In that light, no “so-called” father, shepherd, god, or lord, can claim any authority of himself, for “it is not in man who walks to direct his own steps” (Jer. 10.23). Rather, since Jesus possesses “all authority…in heaven and on earth” (Mt. 28.18) — which leaves no authority for anyone else, except the father who gave him that authority (1 Cor. 15.27) — therefore, human “fathers,” “shepherds,” etc., can only exercise legitimate authority “through” him (“through whom we live”). In other words, all decisions we make must comply with his authority (Col. 3.17) and be done for his glory (1 Cor. 10.31).

Thus, when a human father asks his children to engage in activity which defies the one father’s authority, that human “father” must be disobeyed, for he possesses no fatherly authority of himself, but may only exercise authority “in the lord” (Eph. 6.1; cf. Acts 4.19; 5.29). The heavenly father is the “only true” father in the home (cf. Isa. 63.16); the human father, so-called, is just an emissary sent to do the true father’s business (cf. Lk. 2.49).

Now, certainly, there is a sense in which we may think of God as the chief God, Father, Lord, and Shepherd (cf. 1 Pt. 5.4), insofar as we may only exercise authority under him (for he is “over all” — Rm. 9.5), and, indeed, God has given men responsibilities over this world (cf. Gen. 1.26; 9.2; Psalm 8.6-8; 115.16).

But it is the express aim of these passages to establish the fact that there is only one rightful authority in the universe — God, the “only potentate” (cf. 1 Tim. 6.15) — “through whom” all those who exercise authority in this world must comport themselves (Mt. 6.10). Our “so-called” authority is not ours, but his. We may only act as he authorizes us to act.


In every domain of life, then, whether as a “so-called” father, husband, a shepherd of the church (etc.), let us conform our every decision to his absolute will.

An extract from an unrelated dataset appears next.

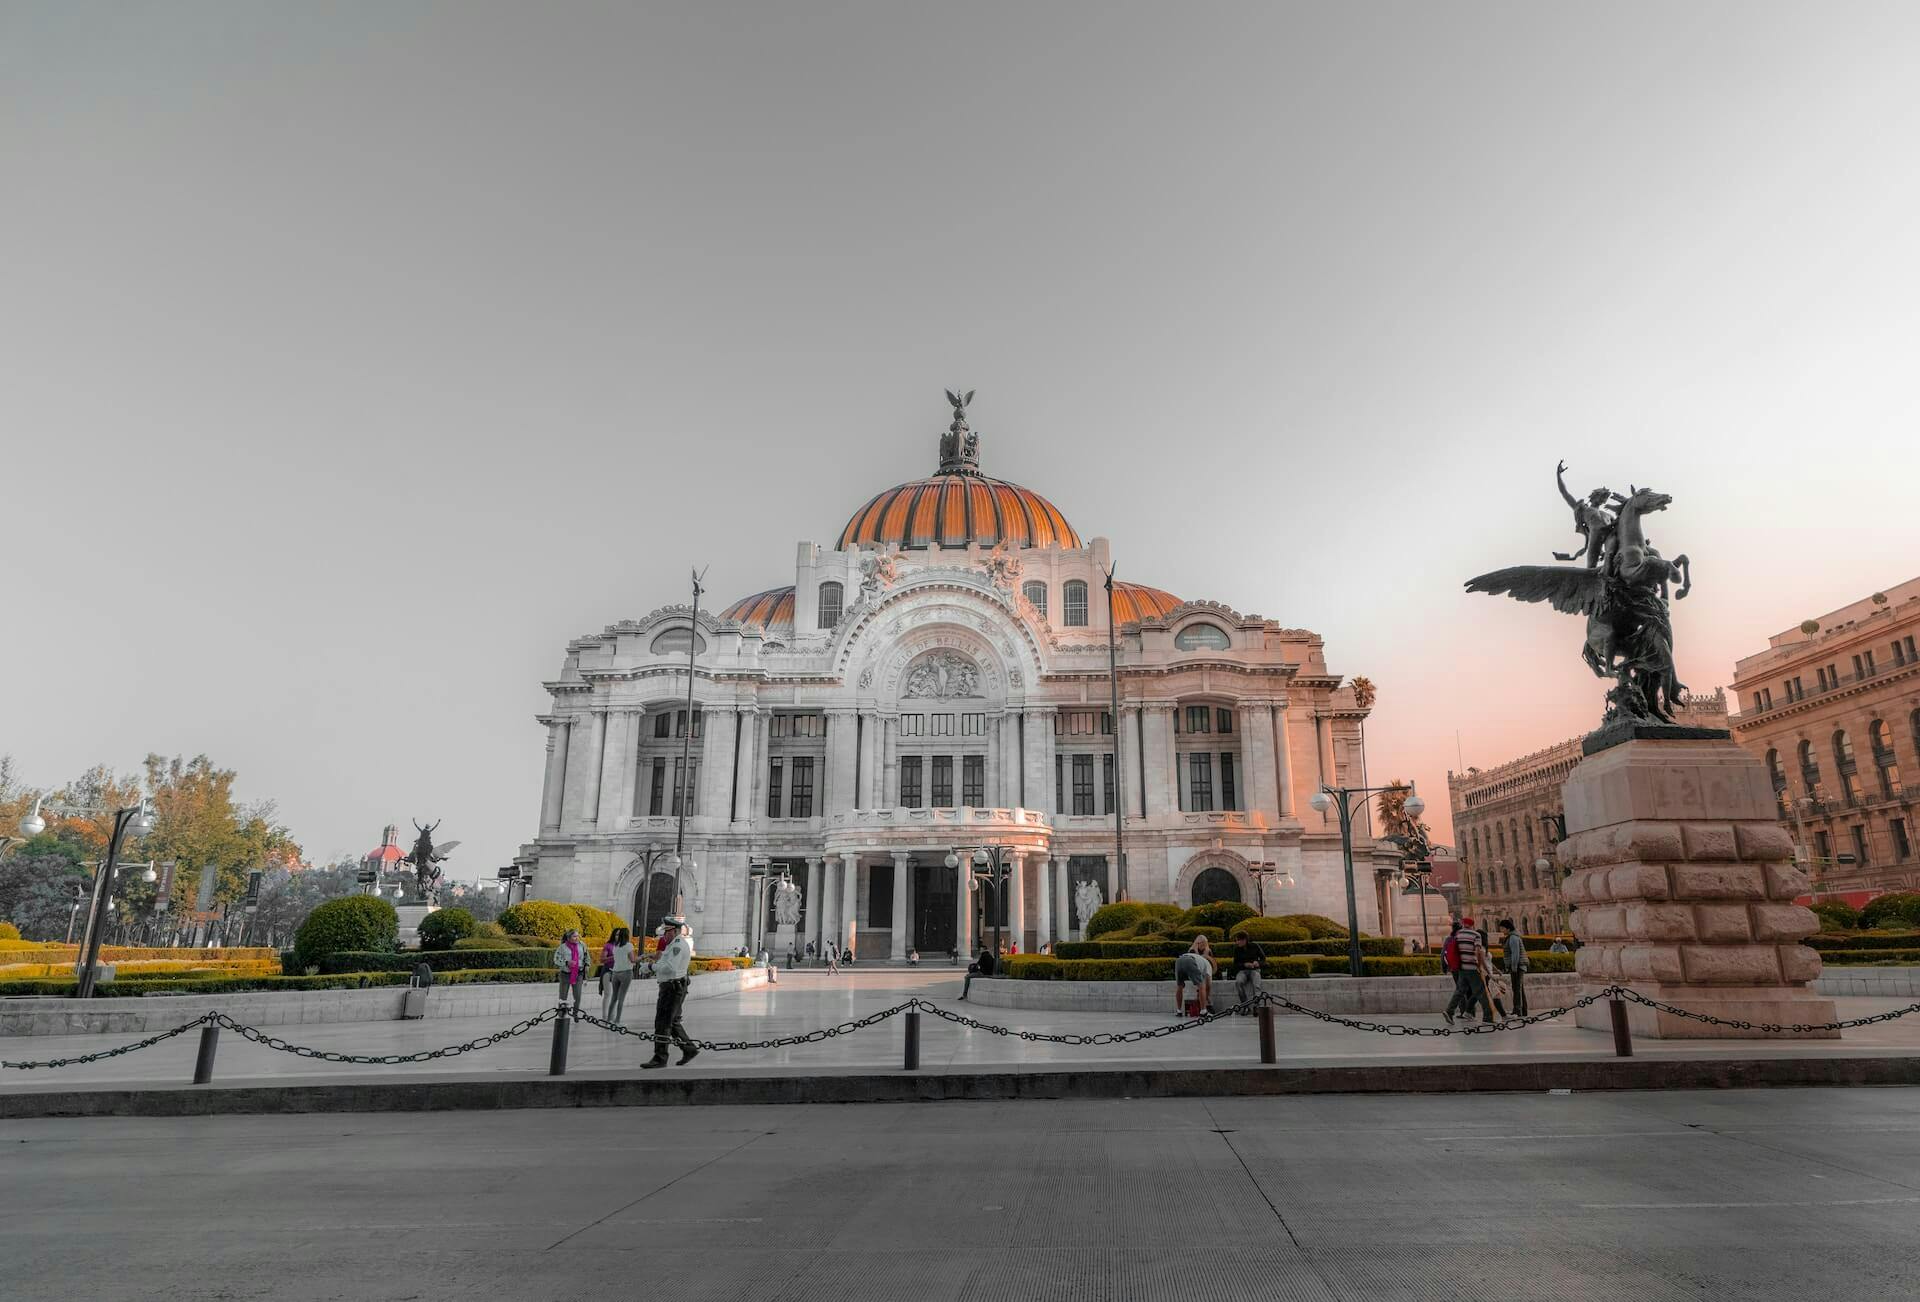 Palacio de Bellas Artes Ciudad de México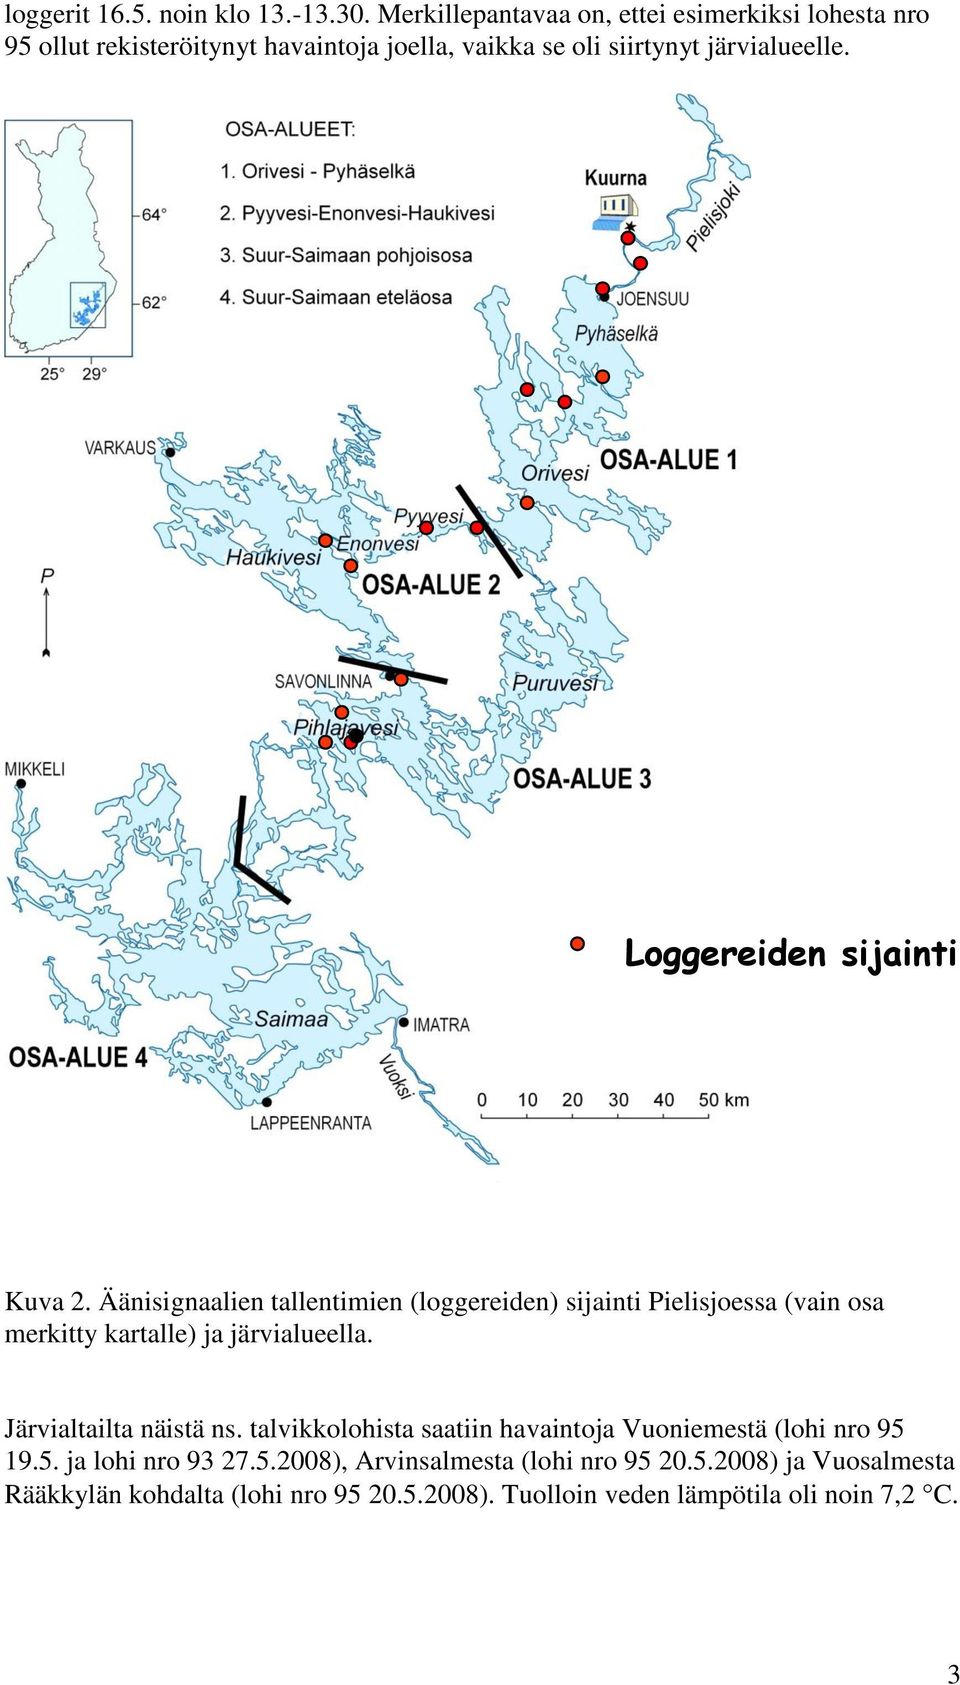 Loggereiden sijainti Kuva 2. Äänisignaalien tallentimien (loggereiden) sijainti Pielisjoessa (vain osa merkitty kartalle) ja järvialueella.

His authority is the only authority that has the right to exist (Ex. 19.5; Job 41.11; Ps. 24.1; 1 Cor. 10.26).

Yours, O Lord, is the greatness,

The power and the glory,

The victory and the majesty;

For all that is in heaven and in earth is Yours;

Yours is the kingdom, O Lord,

And You are exalted as head over all.” (1 Chron. 29.11).


[1] I have written these terms without capitalization for the sake of replicating the way the inspired writers wrote, who did not make use of the convention of reverential capitalization (capitalizing nouns and pronouns associated with deity). Though this convention is quite appropriate, abandoning it in the citation of these particular verses will help to take our minds back into the original framework of the argument these authors were making on this matter.

For example, instead of distinguishing between one Father and many fathers, the Lord insisted that there is only one father. This makes his argument even stronger in thrust. Instead of suggesting that the Father has his authority, while fathers have theirs, the Lord is arguing that there is only one true father, who possesses all the authority of fathers.